For read and write operations, the client will communicate directly with the region server, which will then coordinate the reads and writes

### 3. Zookeeper

Zookeeper is an open-source Apache project that provides services like maintaining configuration information, server/host naming, and providing distributed synchronization. It allows HBase to communicate with other data storage platforms such as AWS S3 or HDFS by acting as a distributed coordination service that can integrate various tools together.

Some of the main tasks include:
-   Discovering available servers
-   Tracking server failures and repairing failed nodes
-   Remembering what is stored in which network partition
-   Enabling communication between clients and region servers

HBase itself will take care of zookeeper. 

## HBase Data Redundancy

> To help ensure that the stored data is not lost if the node storing it crashes, most NoSQL tools store replicas of the same data

The vast majority of modern big data tools, such as Hadoop and NoSQL data stores, replicate data on separate, physically isolated computer nodes, perhaps in different regions to ensure resiliency to system failures. The cost of this is that you have to pay for storing redundant data which exists elsewhere.

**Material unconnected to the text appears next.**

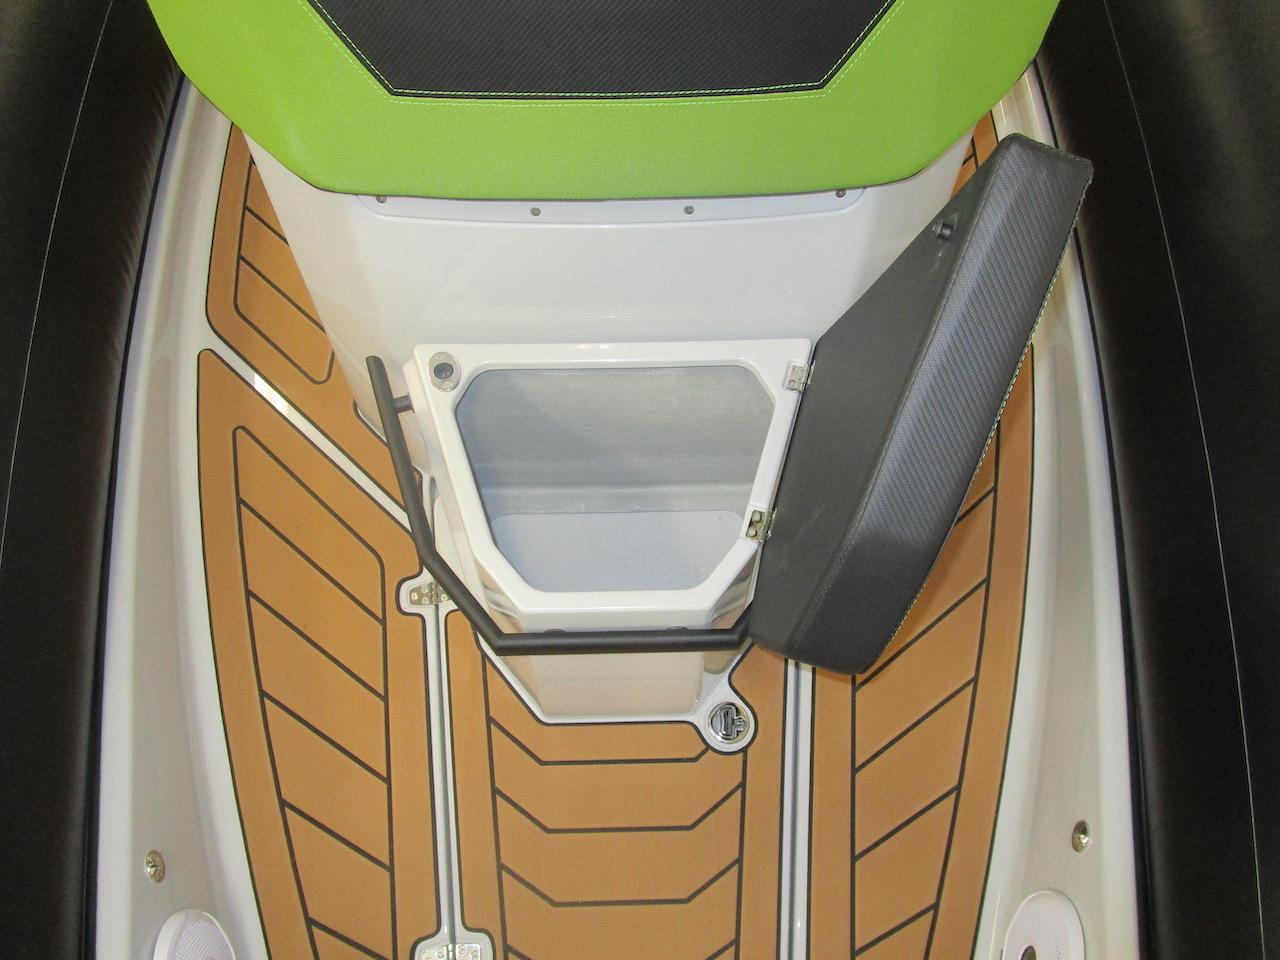 GRAND DRIVE D600 deck locker

It is standard to store 3 replicas of the same data to ensure data durability of a data system. For instance, Hadoop's HDFS is configured to have triple replication by default. The number of replicas can also be modified using the various parameters available in configuration files. In HBase, data replication occurs at the column family granularity. It is also possible to replicate entire HBase clusters, not just specific tables. For a more detailed explanation on HBase replication, [check this link](https://docs.cloudera.com/documentation/enterprise/6/6.3/topics/cdh_bdr_hbase_replication.html).  

## HBase Features

Below are the main features provided by HBase:

- HBase is built for low latency operations
- HBase provides fast random read operations.  It does so because it uses Hash tables and indexes the data stored in HDFS.
- HBase can store large amounts of data easily (terabytes and even petabytes) as clusters can be scaled up and down as required
- Automatic and configurable sharding (division) of tables
- Automatic failover supports between region servers
- Convenient base classes available for backing Hadoop MapReduce jobs in HBase tables
- Easy to use API for client access
- Supports real-time querying efficiently

It's also important to note what HBase is __not__:

-   It's not a SQL database and doesn't store data using the relational model
-   It's not designed for Online Transaction Processing (OLTP)
-   It doesn't provide typical database features like ACID (atomicity, consistency, isolation and durability) or data normalization
-   It's not designed to be used with small datasets - that would be overkill
-   Data is referenced _only_ using the row key, like in a key-value data store

## Key Takeaways

- HBase is a modern tool for storing and analyzing big data in tables. It does so using a column-oriented approach. This should not be confused with the row-oriented approach that traditional relational databases use.
- The intersection of a row and column in a table is called a _cell_.  Cells store data, which in turn is accessed using a unique ID called the _row key_.
- Related columns in HBase are grouped together into _column families_. An HBase table can have more than one column family. 
- HBase's architecture is composed of 3 main components: _HMaster_ (which acts as the master server), _Region Servers_ (which are various nodes that store tables), and _Zookeeper_ (which coordinates the various administrative tasks).
- HBase is designed to efficiently handle unstructured and semi-structured data using low-latency operations. The tool is easy to scale and support batch and real-time querying of data.